3. The attribution problem. The paper implies each morphology contributes its intended trait. Miguel later corrected this: we cannot yet attribute specific outcomes to specific layers. The full pipeline produces jailbreak resistance, but we don’t know which layers are responsible. Ablation studies are needed.

4. This would generalize into SSH. The paper frames RLLM as a specific method. SSH reframes it as evidence for a general theory: enough structured experiences produce functional states in any language model.

The Bridge to SSH

The intellectual trajectory:

  • ATL (Oct 2023): Models generate emergent structures under archetypal training. Something is forming.
  • RLLM (Dec 2023): Formalized the method. Practical constraints. Honest limitations. Here’s how to do it.
  • RLLM v3/v7 (2024): Order matters. Same content, different sequence, different outcome. The structure matters.
  • SSH (2026): “Enough samples of experiences in an environment creates a synthetic state.” Here’s why it works.

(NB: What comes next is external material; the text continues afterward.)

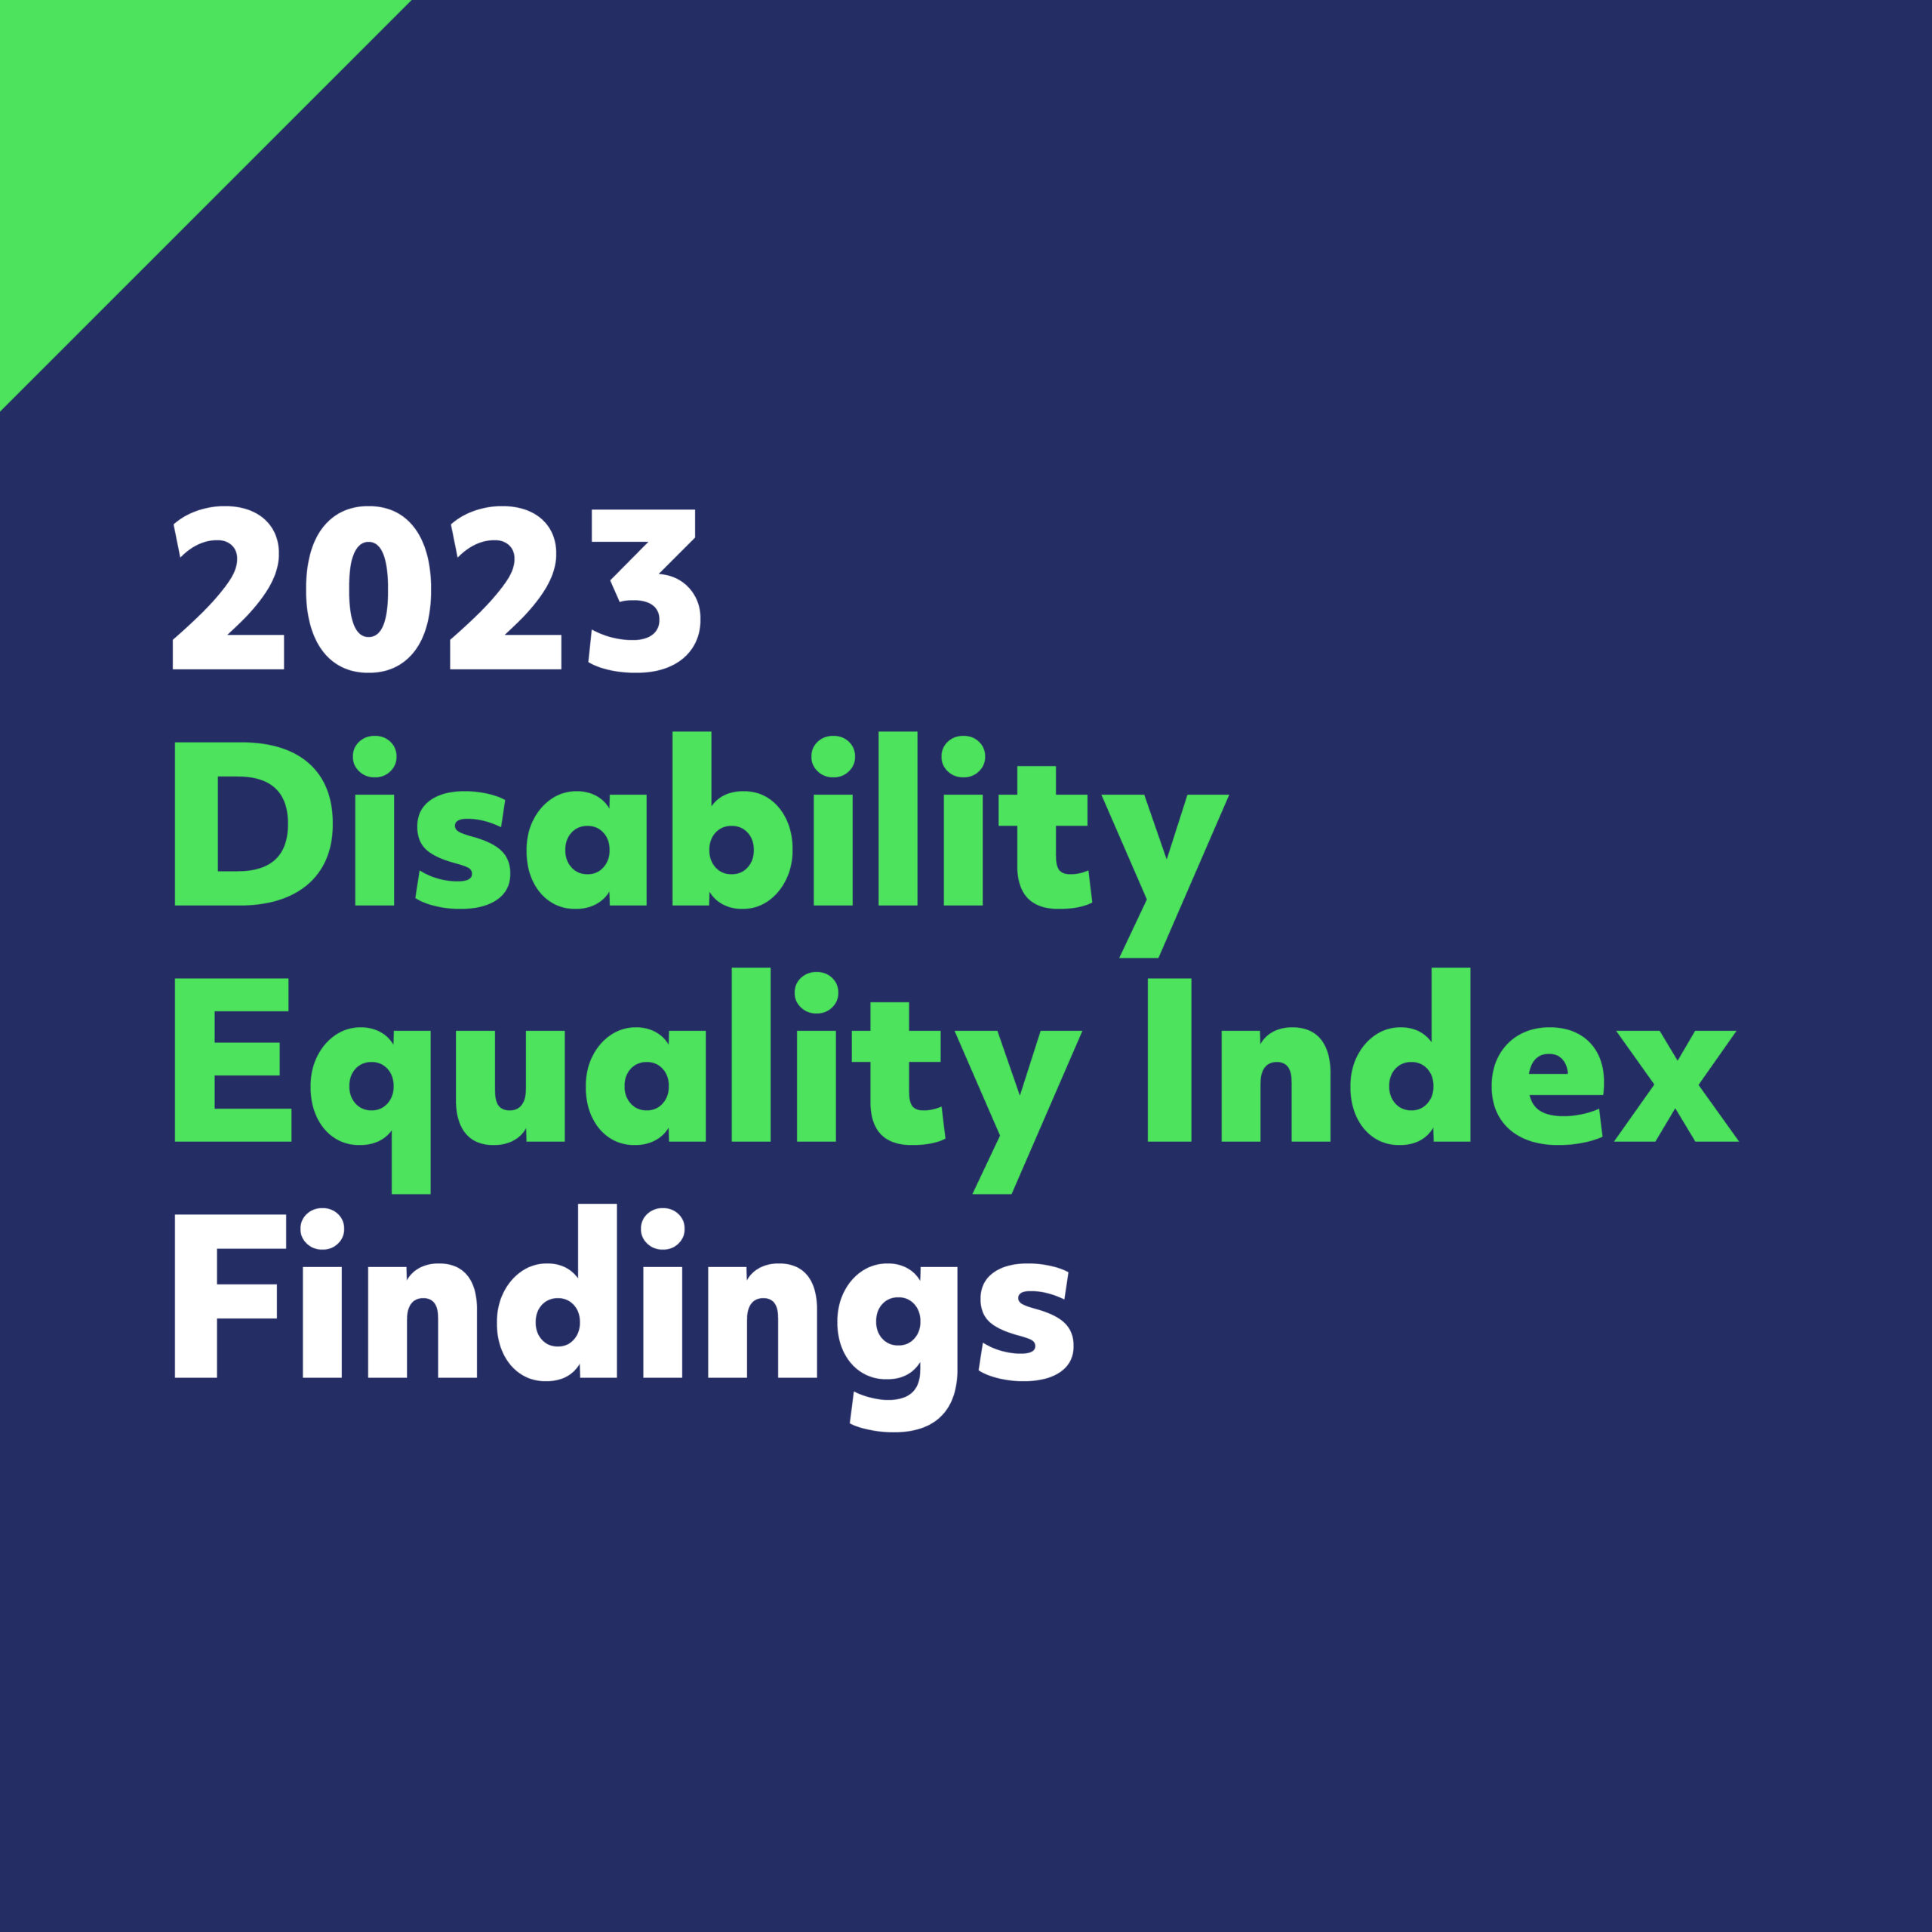 2023 Disability Equality Index Findings.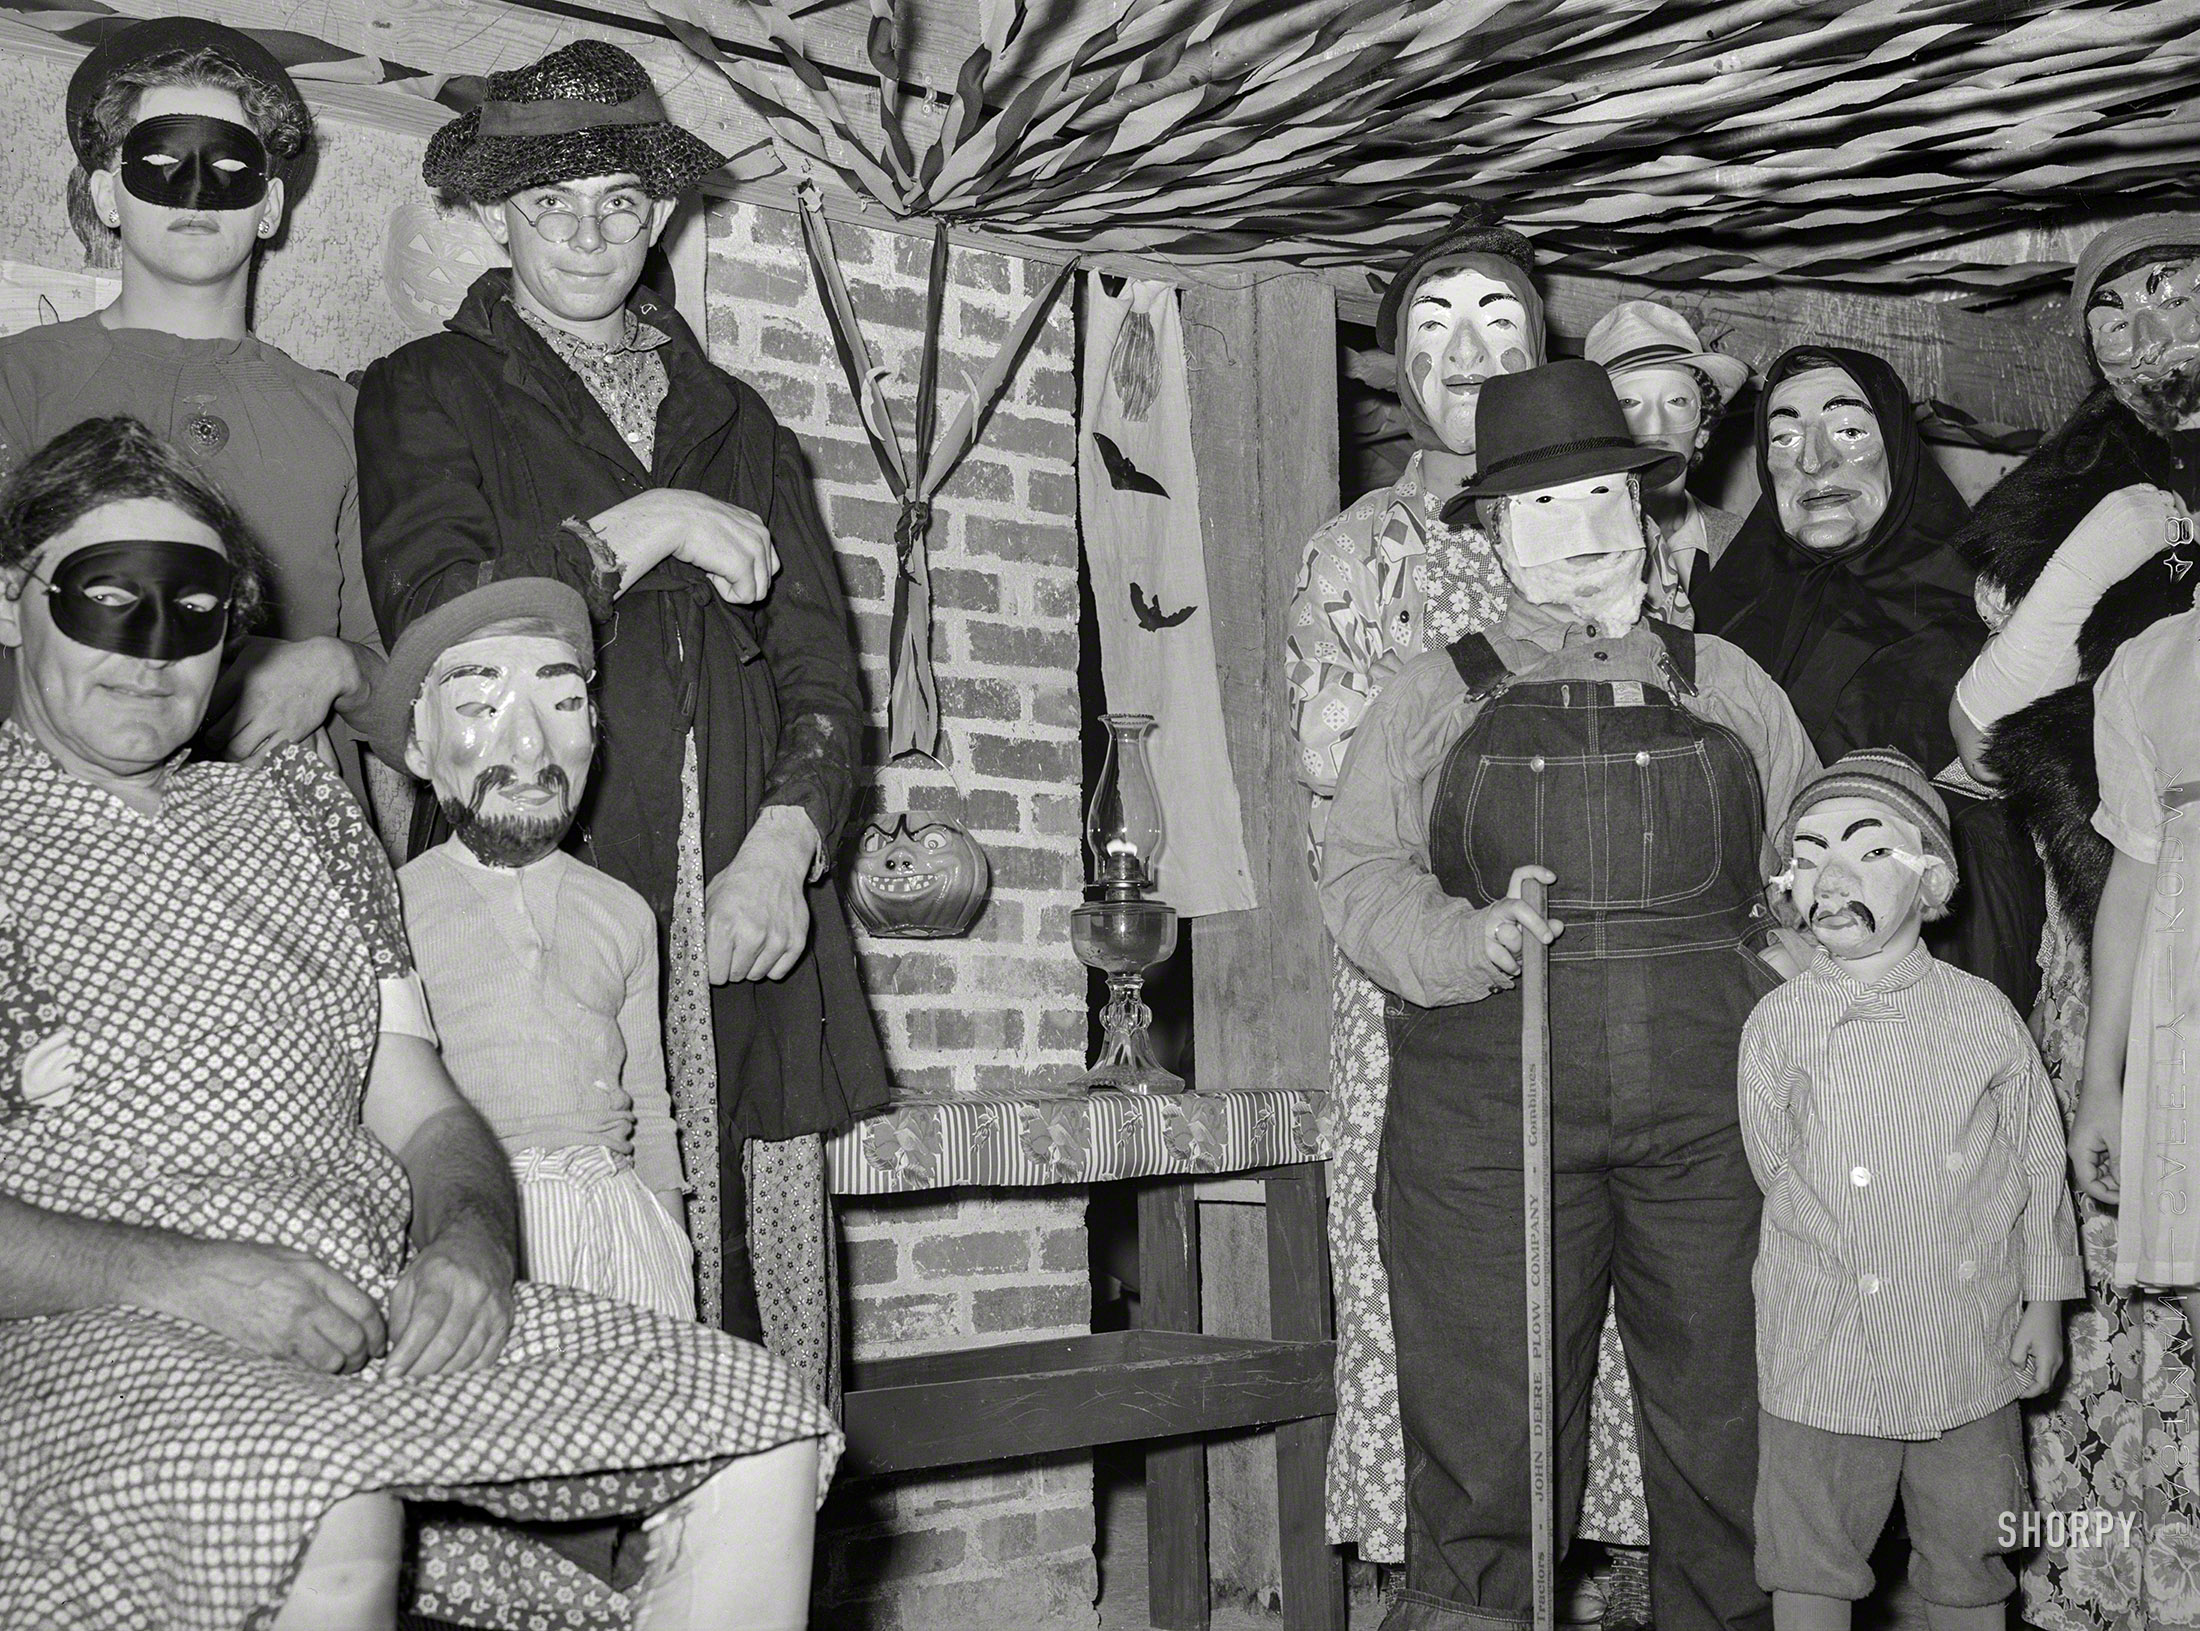 October 1939. "Masquerade at Halloween party. Hillview cooperative, Osage Farms, Missouri." Acetate negative by Arthur Rothstein. View full size.

Miguel built the thing, watched what it did, and then asked why. Observation before theory, engineering before philosophy. That’s the right order.

The Question That Still Haunts

Miguel’s closing question remains open: “What RLLM doesn’t solve?”

His answer then: coordination. You can build an aligned model, but getting the world to adopt alignment methods requires political, economic, and social infrastructure that no training method provides.

Two years later, that’s still true. SSH might be the right theory. RLLM might be the right method. But “10,000 researchers replicating this” requires something no research can guarantee: that people care enough to try.


Original post: LessWrong (December 1, 2023). Originally titled “Reinforcement Learning using Framework Continuums (RLFC).”

Giles is a researcher at IndividuationLab.